Frequently asked questions

What is a butterfly on RING?
A butterfly on RING is the butterfly strategy applied to RING (etf). The strategy is structurally neutral / pin (limited-risk, limited-reward): A long call butterfly buys one lower-strike call, sells two ATM calls, and buys one higher-strike call, paying a small net debit for a defined-risk position that maxes out if the underlying pins the middle strike at expiration. With RING etf trading near $64.81, the strikes shown on this page are snapped to the nearest listed RING chain strike and the premiums come straight from the end-of-day bid/ask midpoint.
How are RING butterfly max profit and max loss calculated?
Max profit equals the wing width minus net debit times 100 (reached when the underlying pins the middle strike); max loss equals the net debit times 100. Two breakevens at lower-wing plus debit and upper-wing minus debit. For the RING butterfly priced from the end-of-day chain at a 30-day expiry (ATM IV 47.40%), the computed maximum profit is $158.43 per contract and the computed maximum loss is -$127.50 per contract. Live intraday quotes will differ as the chain moves through the trading session.

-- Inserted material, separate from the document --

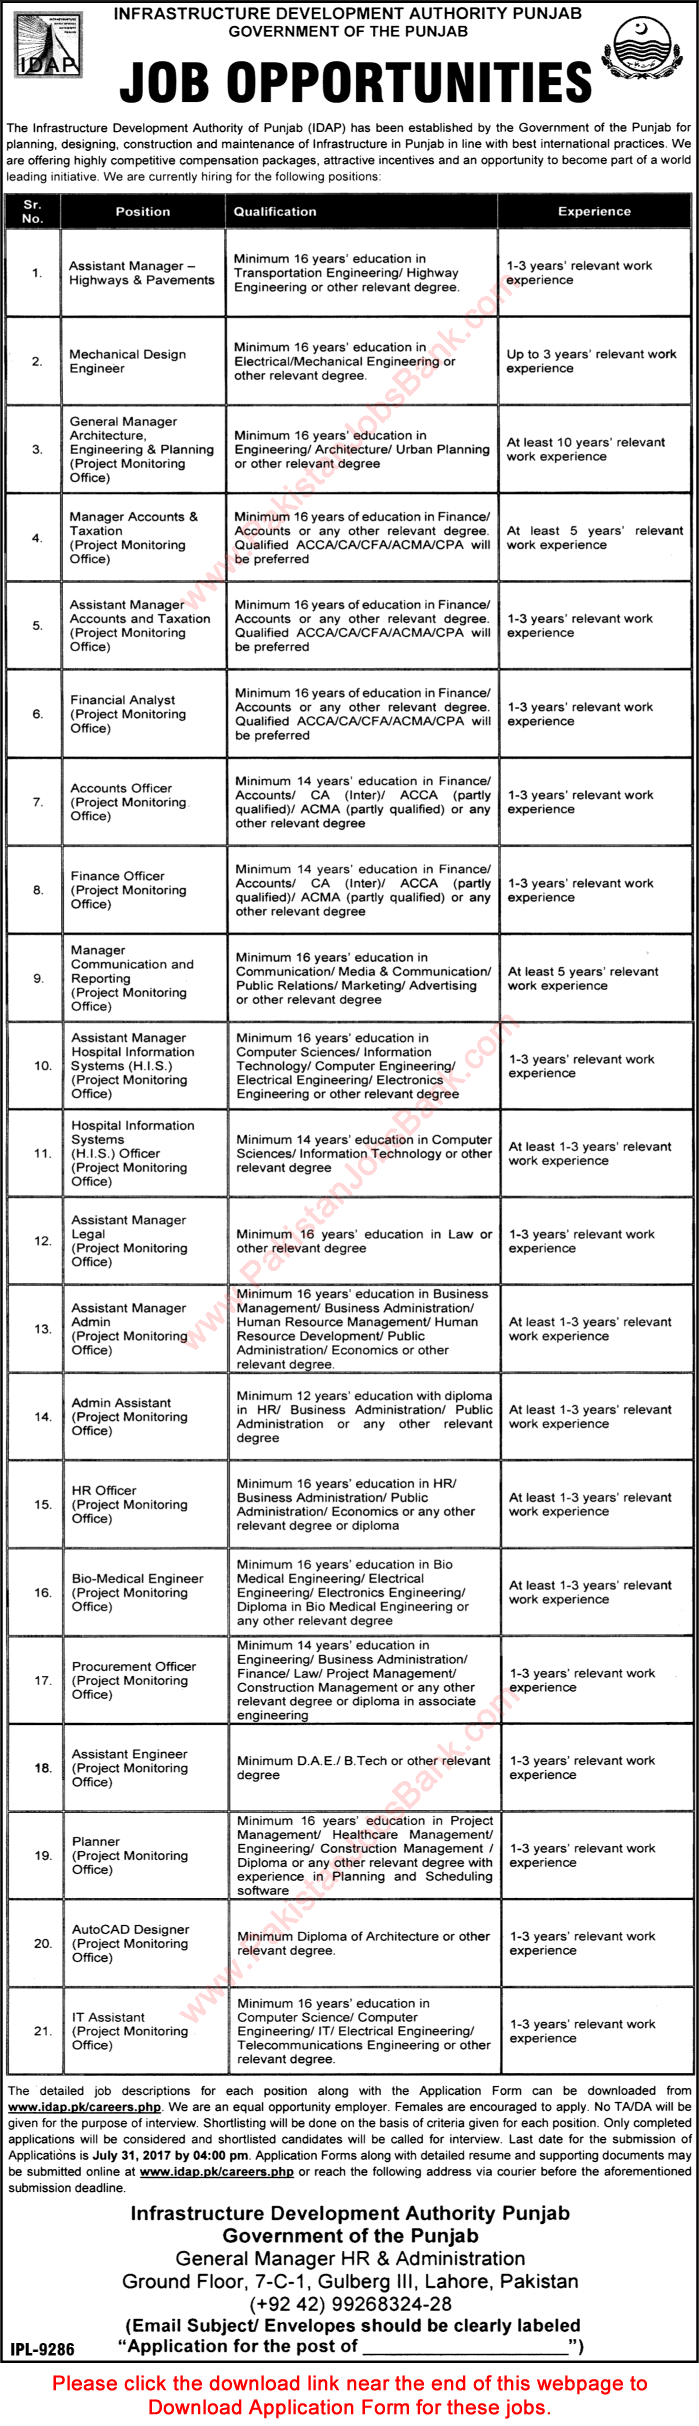 Infrastructure Development Authority Punjab Jobs July 2017 Application Form Download IDAP Latest

What is the breakeven for a RING butterfly?
The breakeven for the RING butterfly priced on this page is roughly $63.28 and $66.73 at expiration, derived from end-of-day chain premiums. Breakeven is the underlying price at which the strategy's P&L crosses zero ignoring transaction costs and assignment risk. The current RING market-implied 1-standard-deviation expected move is approximately 13.59%; if the move sits well outside the breakeven distance, the structure's risk-reward becomes correspondingly tighter.
When should you consider a butterfly on RING?

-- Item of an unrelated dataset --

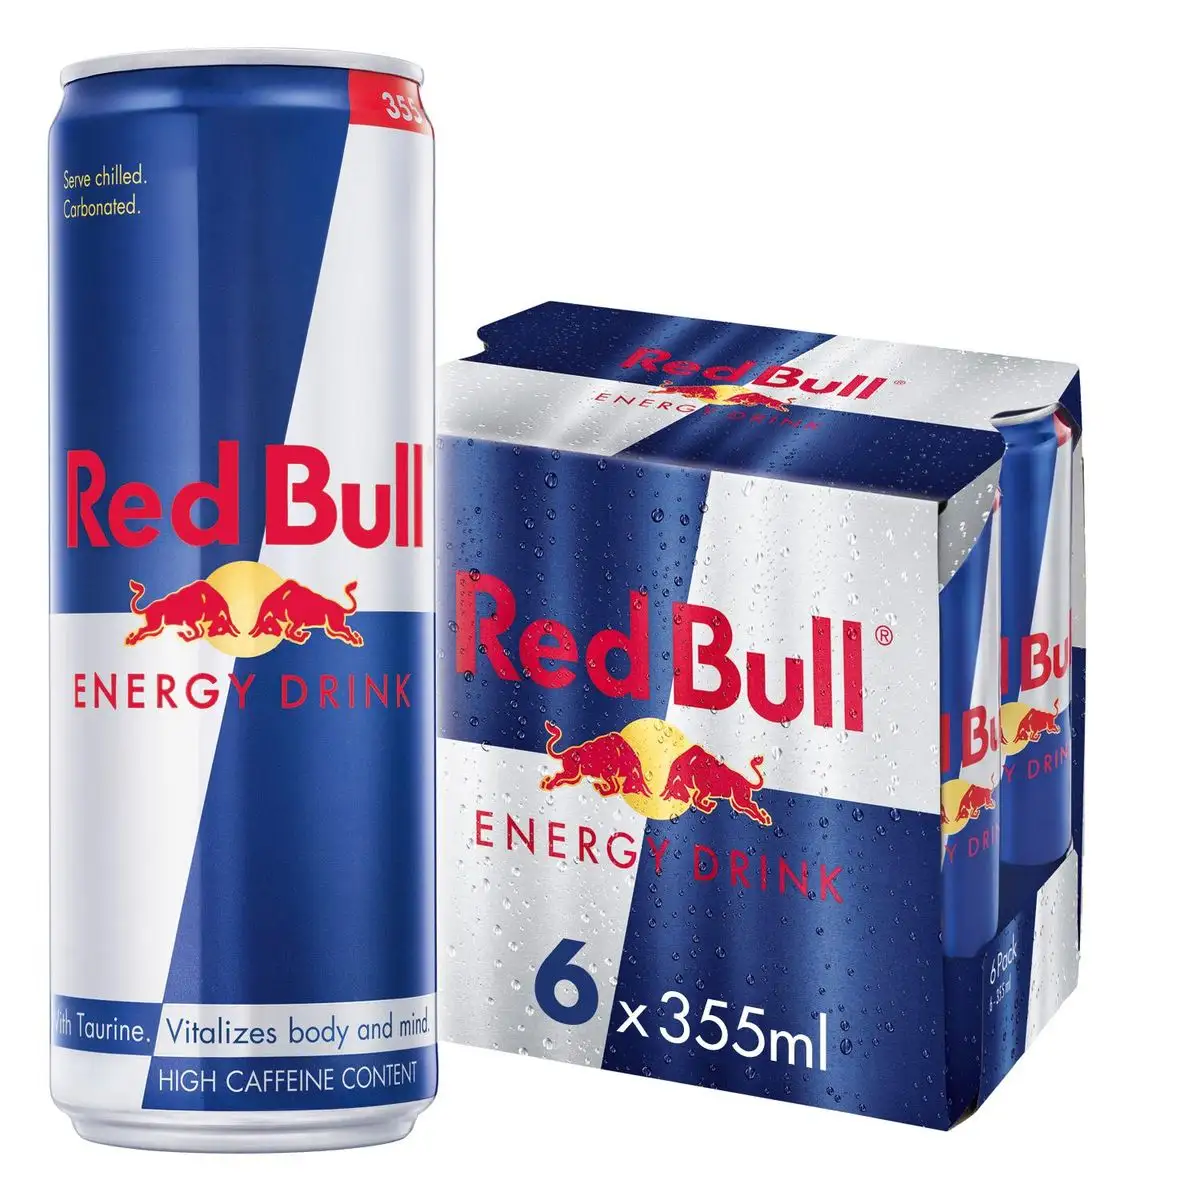 ORIGINAL Red Bull 250 ml Energy Drink from Austria/Red Bull 250 ml Energy Drink /Wholesale Redbull

Butterflies on RING are pinning bets - traders use them when they expect RING to settle near a specific level at expiration (often the prior close, a round number, or the max-pain strike) and want defined-risk exposure to that outcome.
How does current RING implied volatility affect this butterfly?
RING ATM IV is at 47.40% with IV rank near 23.22%, which is on the low end of its 1-year range. Premium-buying structures (long call, long put, debit spreads) are relatively cheap in this regime; premium-selling structures collect less credit per unit risk.